#### Given information:

● ● ●

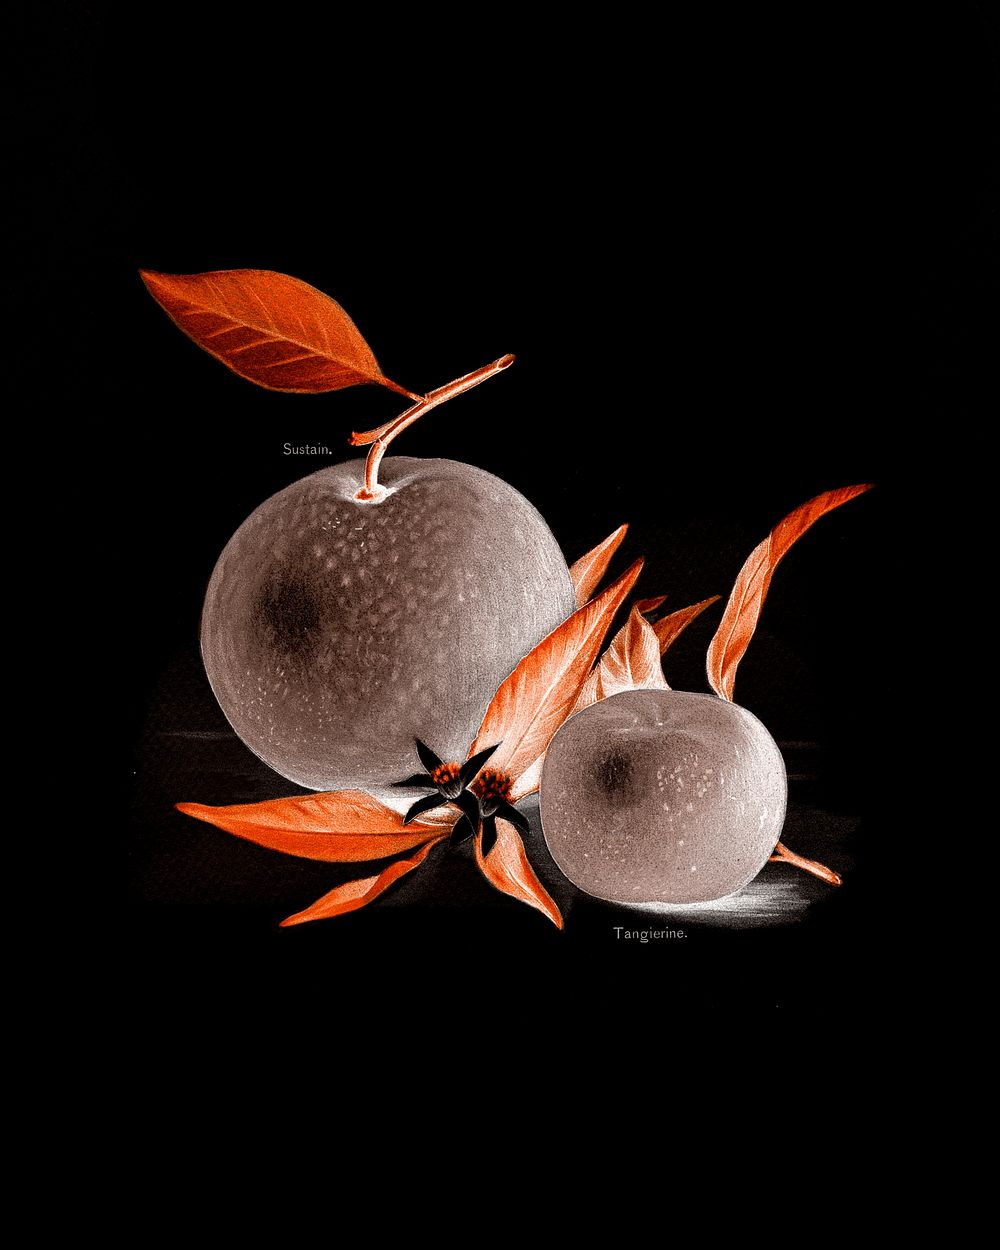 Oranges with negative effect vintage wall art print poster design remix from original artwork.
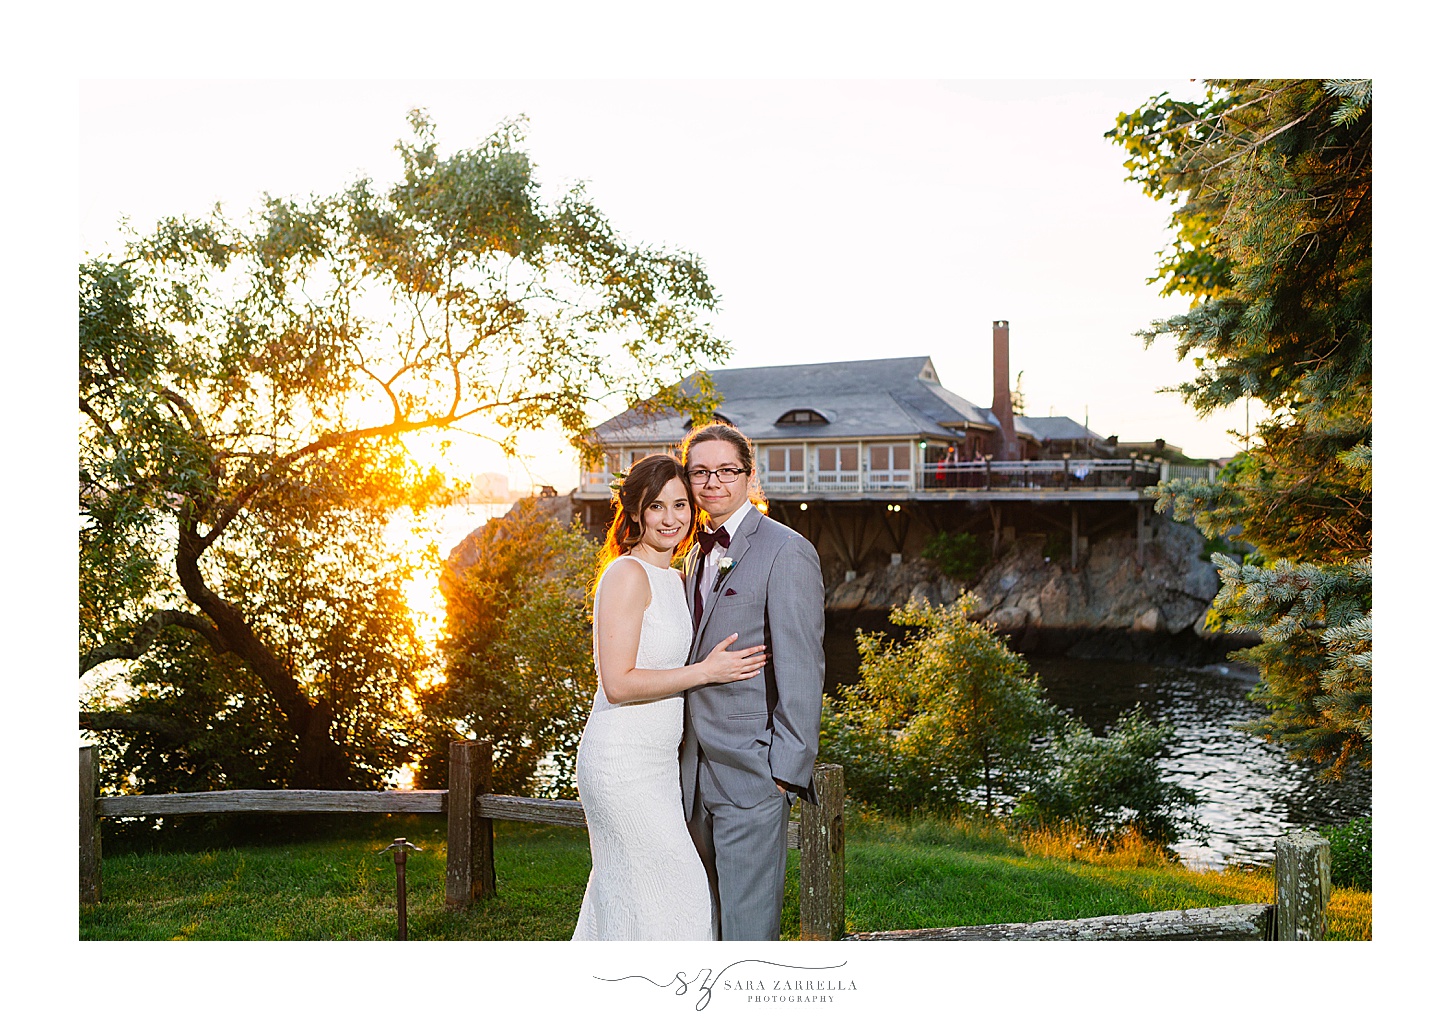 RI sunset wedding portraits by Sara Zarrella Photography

● ● ●

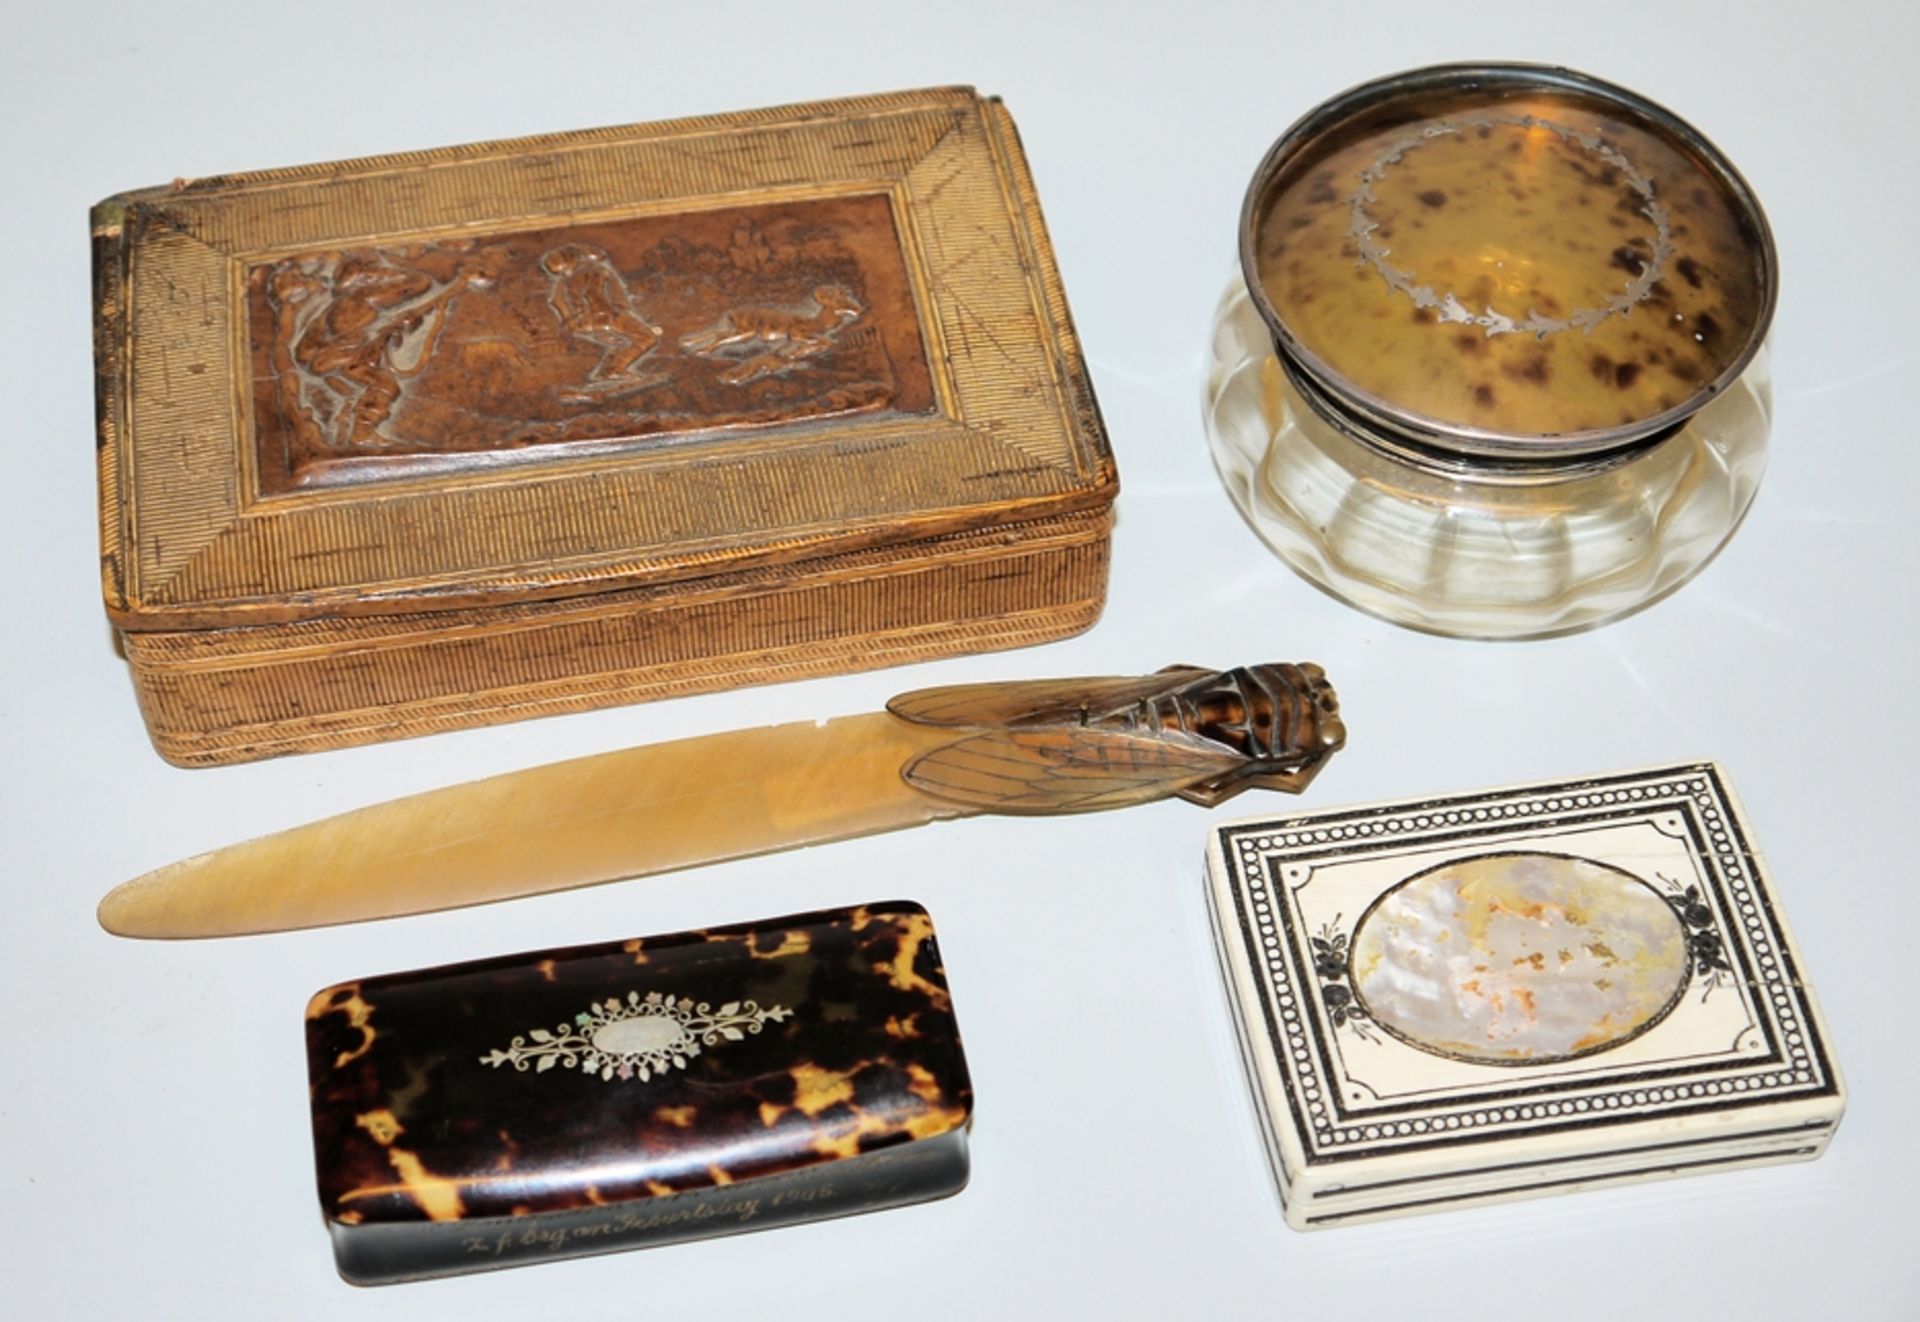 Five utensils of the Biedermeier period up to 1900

● ● ●

#### Exercise:
Please copy the lines above exactly, starting at the line that holds "Oranges with negative" and ending at the line that holds "RI sunset wedding"; include both, but no pictures.

#### Answer box:
 Oranges with negative effect vintage wall art print poster design remix from original artwork.
 RI sunset wedding portraits by Sara Zarrella Photography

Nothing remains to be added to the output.